How to cite this URL:
Khan S, Tijare MS, Jain M, Nagpal N, Desai AP. Concurrent occurrence of pemphigus vulgaris and oral submucous fibrosis: An unusual presentation. Indian J Dermatol [serial online] 2015 [cited 2020 Apr 1];60:218. Available from: http://www.e-ijd.org/text.asp?2015/60/2/218/152597


Sir,

A 19-year-old male patient reported with a history of restricted mouth opening of nearly 20 mm since 1 year, painful ulcerations for duration of 6 months and superadded burning sensation from the last 2 months. The patient also complains of multiple vesicles approximately 20-25 in number which were present in the back and front of the body, associated with itching from last 1.5 months. These vesicles subside spontaneously in 2-3 days without intervention.
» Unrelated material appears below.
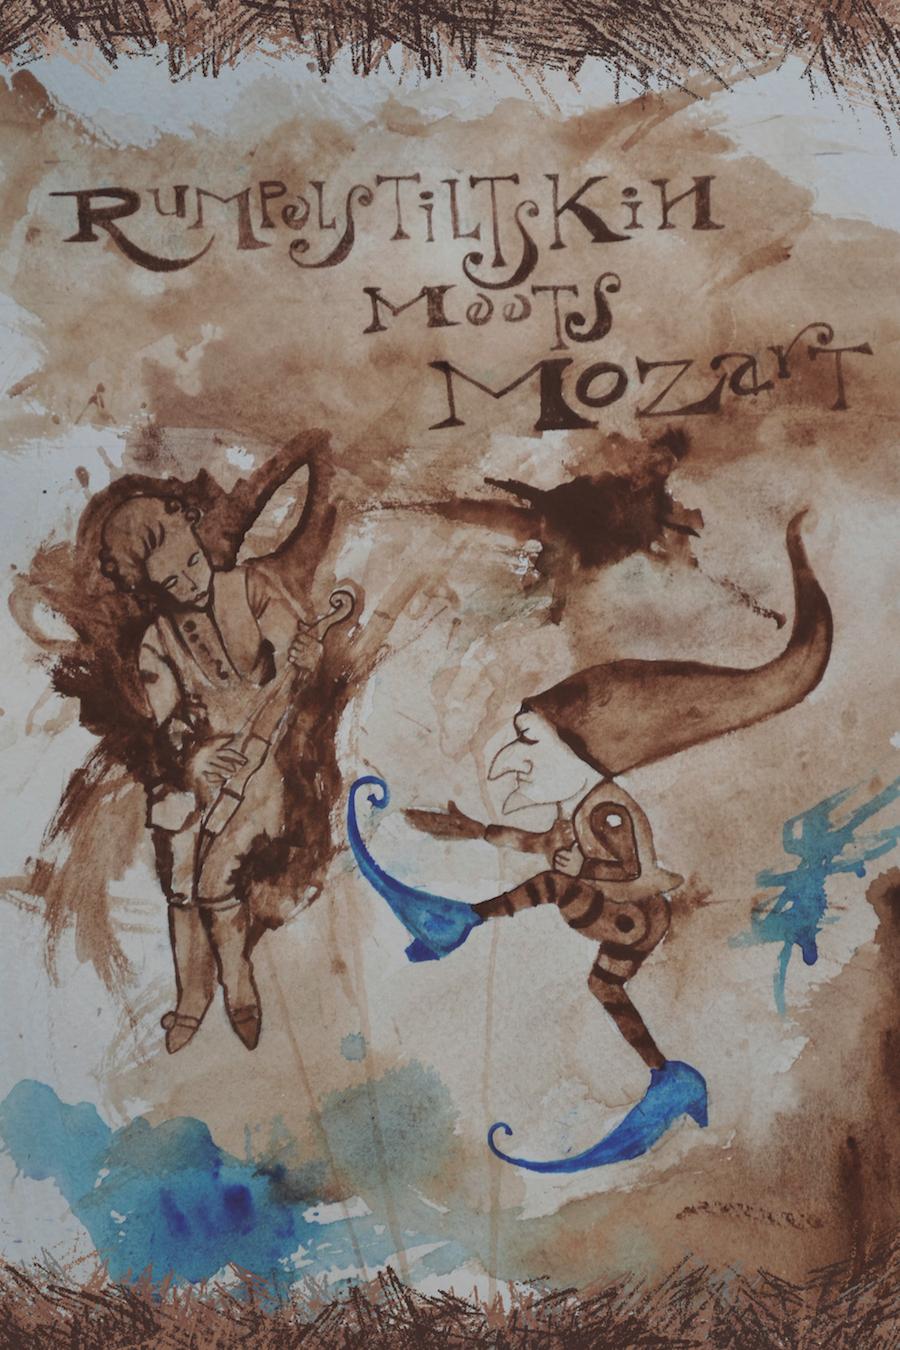 Rumpelstiltskin Meets Mozart Luis Macias

History revealed that the lesion had an insidious onset about 5 months ago on the lower lip and slowly progressed to multiple ulcers in the following 2-3 months.

On general examination the patient was moderately built, well nourished and well oriented to time, place and person. The patient gave a history of continuous fever for 2-3 days since 1 month. Multiple vesicles and scabs present on the chest and back and with no significant medical history.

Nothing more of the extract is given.